PAN ECHO 12/27.03.2016

Pastoral zamanın birinde, Arkadya dağlarının iç kesimlerinde yaşayan, küçük mü küçük, bir keçi mi desem yoksa insan suretinde dolaşan bir ilham kaynağı mı desem, ikisi de değil, yarı insan yarı keçi, bir Tanrı yaşarmış.

Çığlıkları ile ormanın huzurunu kaçırdığı kadar tüm gününü flüt çalarak kırlarda dolaşarak geçiren bir tanrıymış. Ormanda dolaşırken karşılaştığı tüm canlıların karşısına aniden çıkar ve çığlık atarak onları ürkütürmüş. Bu durum, etrafındaki herkesi korkutup kaçırmasına sebep olmakla birlikte, yalnızlaşan bir tanrı olarak var olmasına neden olmuş. Öyle ki, çığlıklarını duyan her canlı panik halinde kendilerine ormanda saklanacak ağaç kovuğu ararmış. Günlerden bir gün, küçük bir vadiden geçerken yalnızlığı tercih eden bir orman perisi olan, flüt çalmayı ve şarkı söylemeyi seven, bir Oread Nemfi (Dağ Perisi) olan Echo’nun şarkı söylediğini işitir. Onun ahenkli ve berrak sesini duyan Pan, ona karşı vahşi bir sevgi duymaya başlar. Onun yeteneğini kıskanır ve güzelliğinden istifade etmek istese de Echo tarafından reddedilir.

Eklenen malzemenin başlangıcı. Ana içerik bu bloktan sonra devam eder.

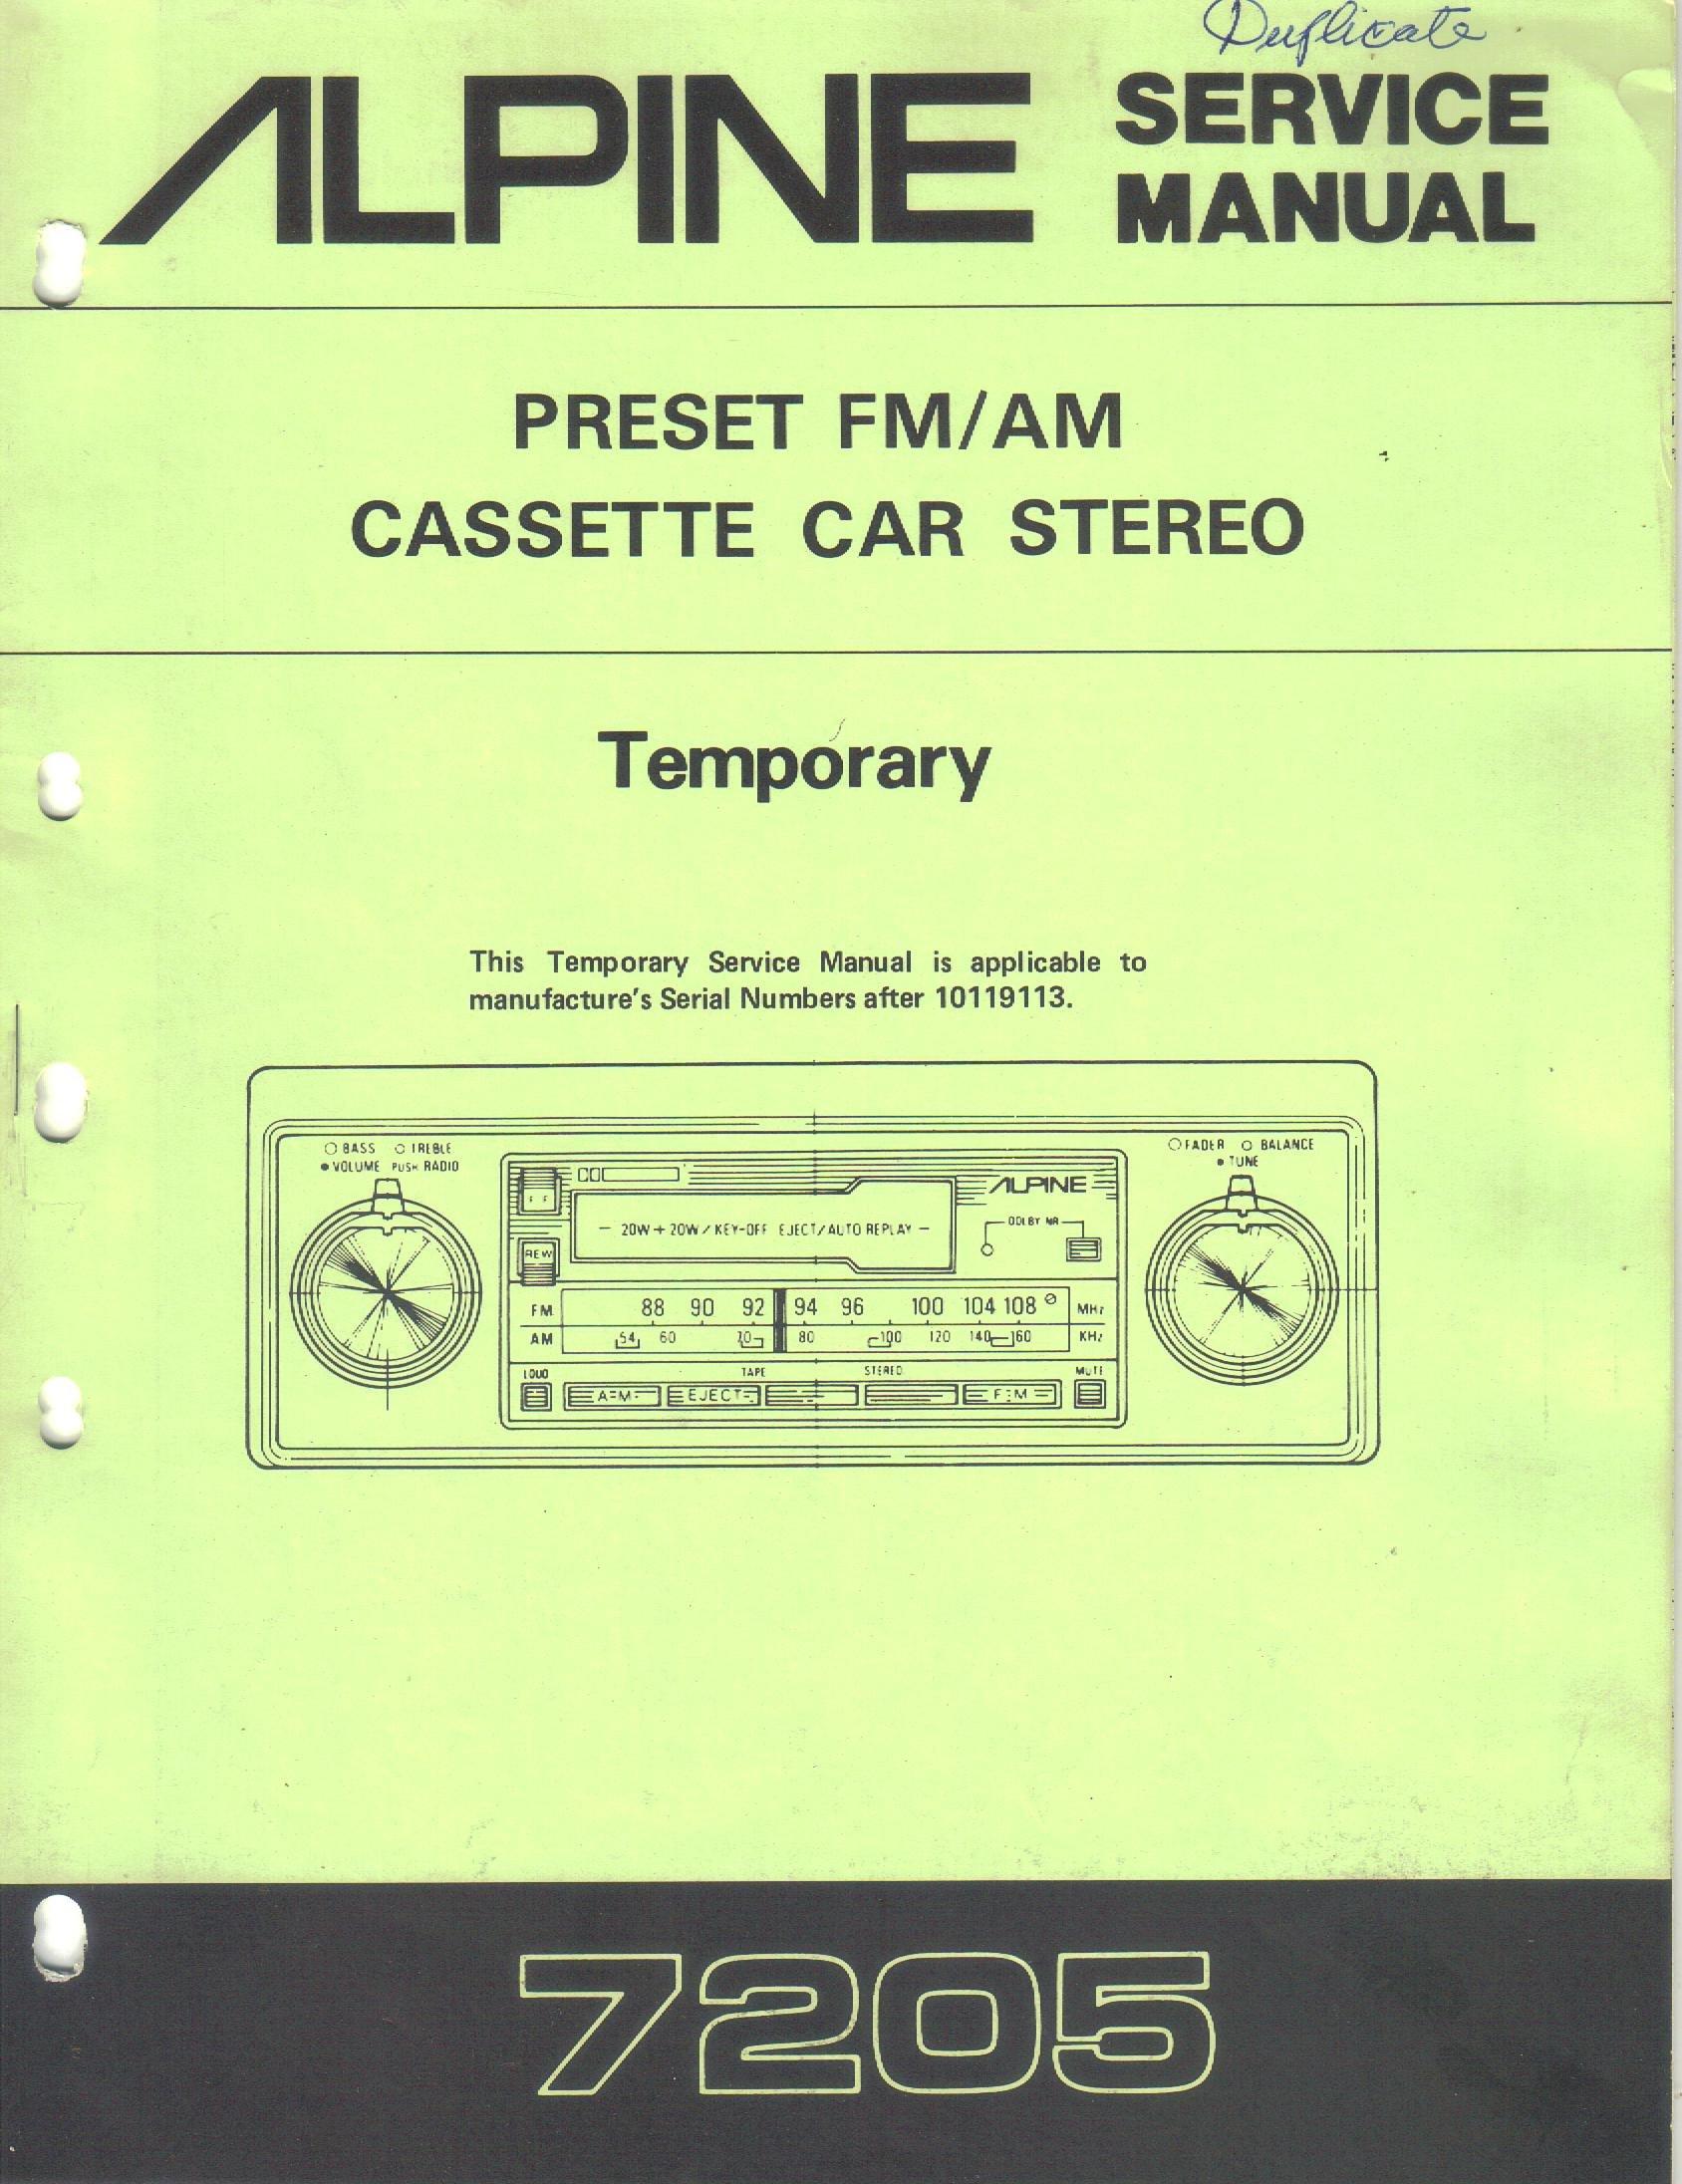 [DIAGRAM_38ZD]  Alpine 7205 Preset AM FM Cassette Car Stereo, Temporary Service Manual,  Parts List, Schematic Wiring Diagram: Alpine Electronics Inc, not stated:  Amazon.com: Books | Alpine Car Radio Wiring Diagram |  | Amazon.com

Pan, hırsından bir gün çobanların yollunu şaşırtır. Yollarını şaşıran çobanlar Echo’yu bulur ve öldürdüler, vücudunu dağıtıp dağlara fırlatırlar. O günden beri Echo’nun kendine özgü bir yeri yoktur, gürültüyü duyduğumuz her yerdedir… Pan-Ekho sergisi, evrenin cevabı olarak yok oluş temasını işleyerek, mitolojik bir karakter olan Pan üzerinden, farklı yok oluş, ya da zorunlu olarak yok edilmeye maruz kalma durumunu ele alıyor. Yaşamın içerisinde herkes kendi gücünü sınayarak çevresini bir şekilde uzaklaştırarak yalnızlaşıyor. Yani aslında her birey kendine küçük bir Pan ormanı yaratıyor ve yarattığı büyülü ormanında kendi efsanelerini yaşarken bir yandan da yok oluşunu hazırlayabiliyor. Bazıları, büyülü ormanını bile var edemeden kendini yok edebiliyor. Kaçmaya, hatalar yapmaya ve zamanla görünmez olmaya başlıyor.
Tüm bu ‘VAR etme’ ve YOK olma durumu içindeki panik halinde, yok ettiklerimizin yankıları kendi dünyamızın içinde yaşamaya devam ediyor.

Sergi 5 farklı sanatçı; Avam-Garde, Fulya Okbay, Hatice Çiçek, Merve Dündar ve Toprak Bek’in kavram üzerine, kendi dünyalarının yansıması ile kattıkları işlerden oluşuyor. Yaşadığımız dünya, Pan ‘ın büyülü ormanı ile birleşiyor… Küratörlüğünü Esra Özkan, Gencer Uçar ve Merve Balcıoğlu’nun yaptığı sergi, 12/27 Mart tarihleri arasında Galata – Galeri Bu’da görülebilir.